One reason our local Habitat for Humanity organization loves Union is because we just revitalized our H4H club, and it is soaring, hosting fundraisers, builds and more. Who started this revitalization and serve as the co-presidents? Two women.

Women athletes at Union are pretty much known for their big hearts. In fact, the women’s hockey team hosts a dance for children and teens with physical disabilities every year on campus. The women’s basketball team volunteers, even during the school breaks, and it is a part of their culture to invite anyone else staying on campus to join them. It is called “a culture of inclusiveness,” which is the direct opposite of the first article’s insinuation. They do not receive a lot of press or praise for this huge act of kindness because it is pretty typical of women at Union. They pretty much use their position of influence, whatever that may be, to make life better for the next person.

Oh, and Jewish women? If “princess” means contacting the volunteer office and asking how they can help as a community to raise money for new equipment for our adopted city park, then yes, the author is correct. It was the Jewish women who baked challah bread and sold it on campus to raise hundreds of dollars for our adopted park.
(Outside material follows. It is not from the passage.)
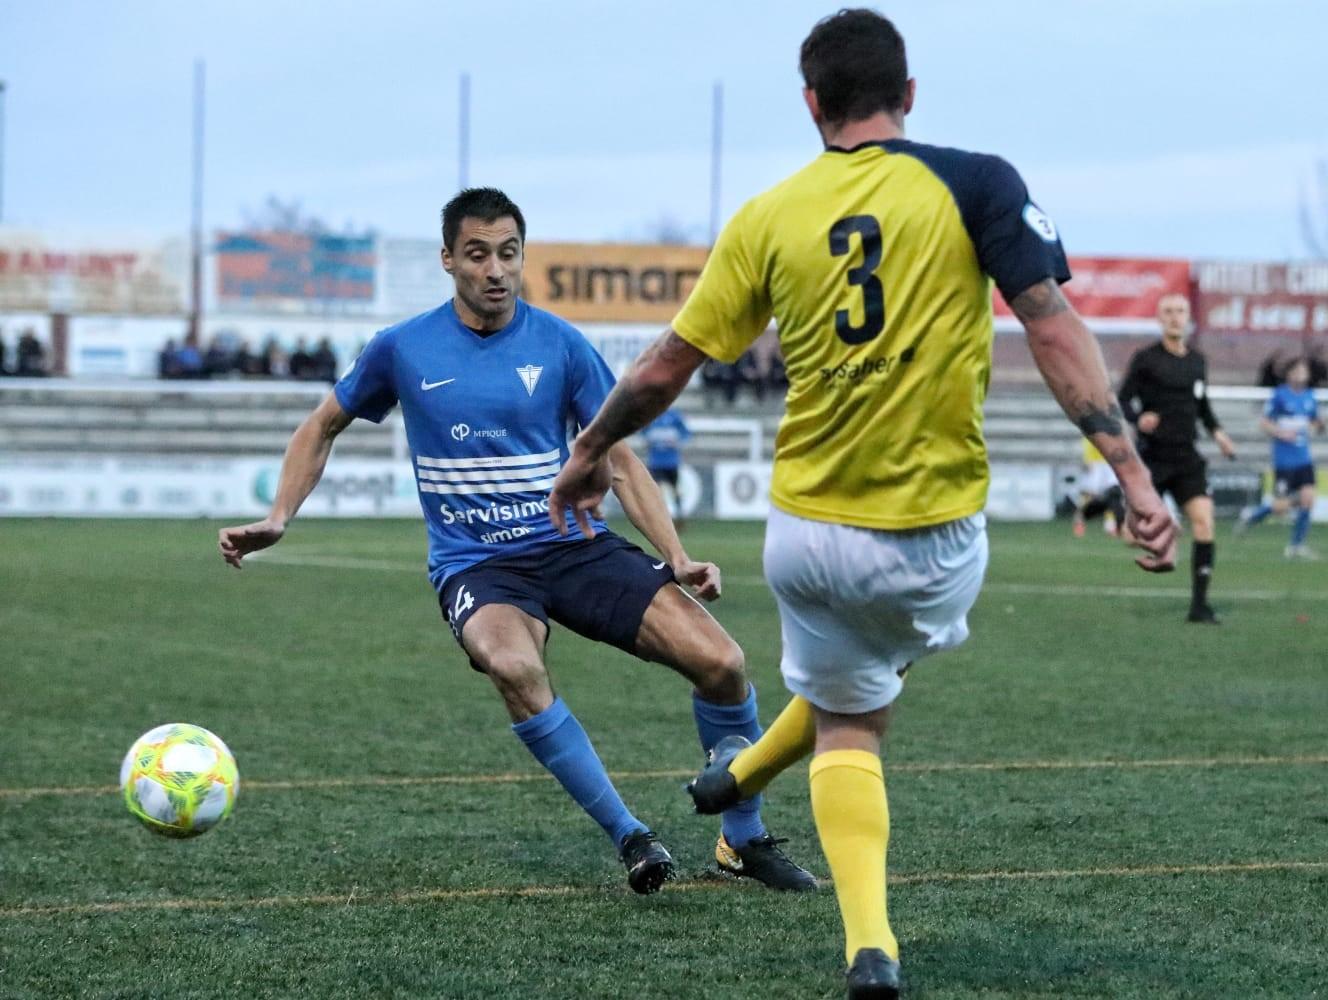 CF IGUALADA 0–3 UE CASTELLDEFELS

Union women proudly boast thousands of volunteer hours every year through mentoring, visiting the elderly, volunteering at animal shelters, horse rescues, serving as Girl Scout troop leaders, Best Buddies for the developmentally disabled, tutors for those struggling academically and the like. There is not enough room here to list all that Union women do, but visit our Volunteer Facebook page (www.facebook.com/kenneycenter) if you need more proof, or visit the Minerva Fellow blogs. After graduating this year, 5 women are volunteering in a developing country to share their talents and skills with not-for-profit organizations.
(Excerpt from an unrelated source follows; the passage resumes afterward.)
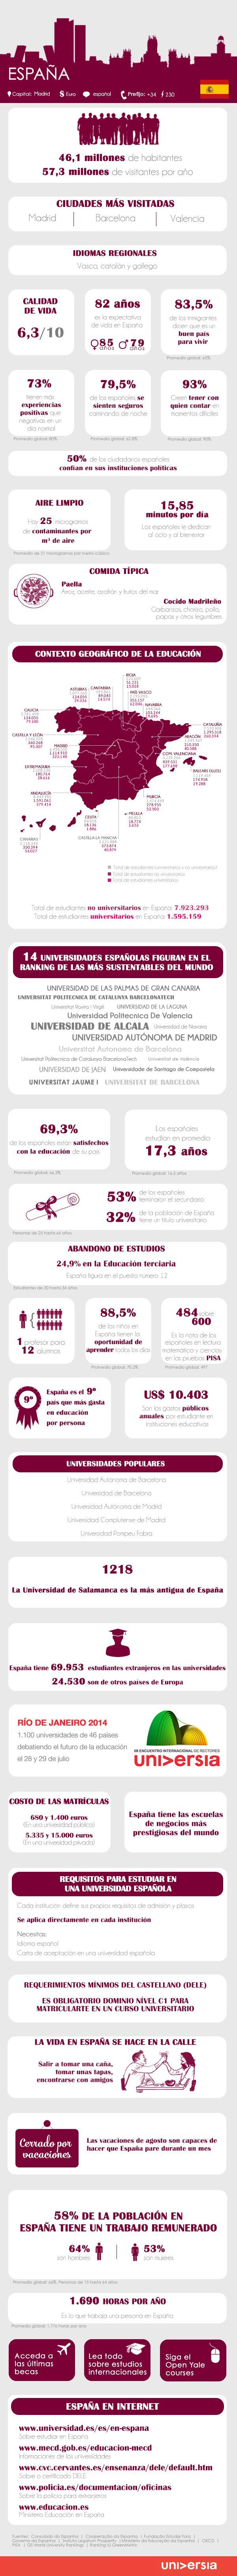 30 claves para estudiar y trabajar en España #infografia

Union College women are not any of the stereotypes mentioned in the article; they are leaders who are bold and smart. You will find them taking action wherever there is injustice. They are bloggers, producers, spoken word artists, educators, and civil rights activists. And as far as racial diversity is concerned, they come in all shades of brown, black, white, and every other skin tone. We are a beautifully diverse campus, and because of this, Union goes beyond embracing the typical diversity buzzwords of race, economic status, sexual orientation, gender expression, etc. We encourage students to embrace all aspects of their identity, including their faith or non-faith traditions.

In the words of our commencement student-speaker Kadiatou Tubman ‘13, “In crossing this bridge, one that has been a lifeline between Union and the rest of the world, we have pushed our limitations, exceeded our expectations, and confronted opposition, while continuously moving forward. In many ways, we have become bridges, connecting our pasts to our futures, our differences to our similarities, our education to our activism, and our dreams to our reality. We are fortunate that Union has provided us the most essential things on this continuous march forward: the knowledge and tools to build bridges, but most importantly, the patience and courage to cross them.”

I see the previous article as proof that there are still bridges of ignorance to be crossed, but thank God our Union College women are more than equipped to cross them, wearing whatever they choose, including gym gear!

Angela Tatem is the Director of the Kenney Center.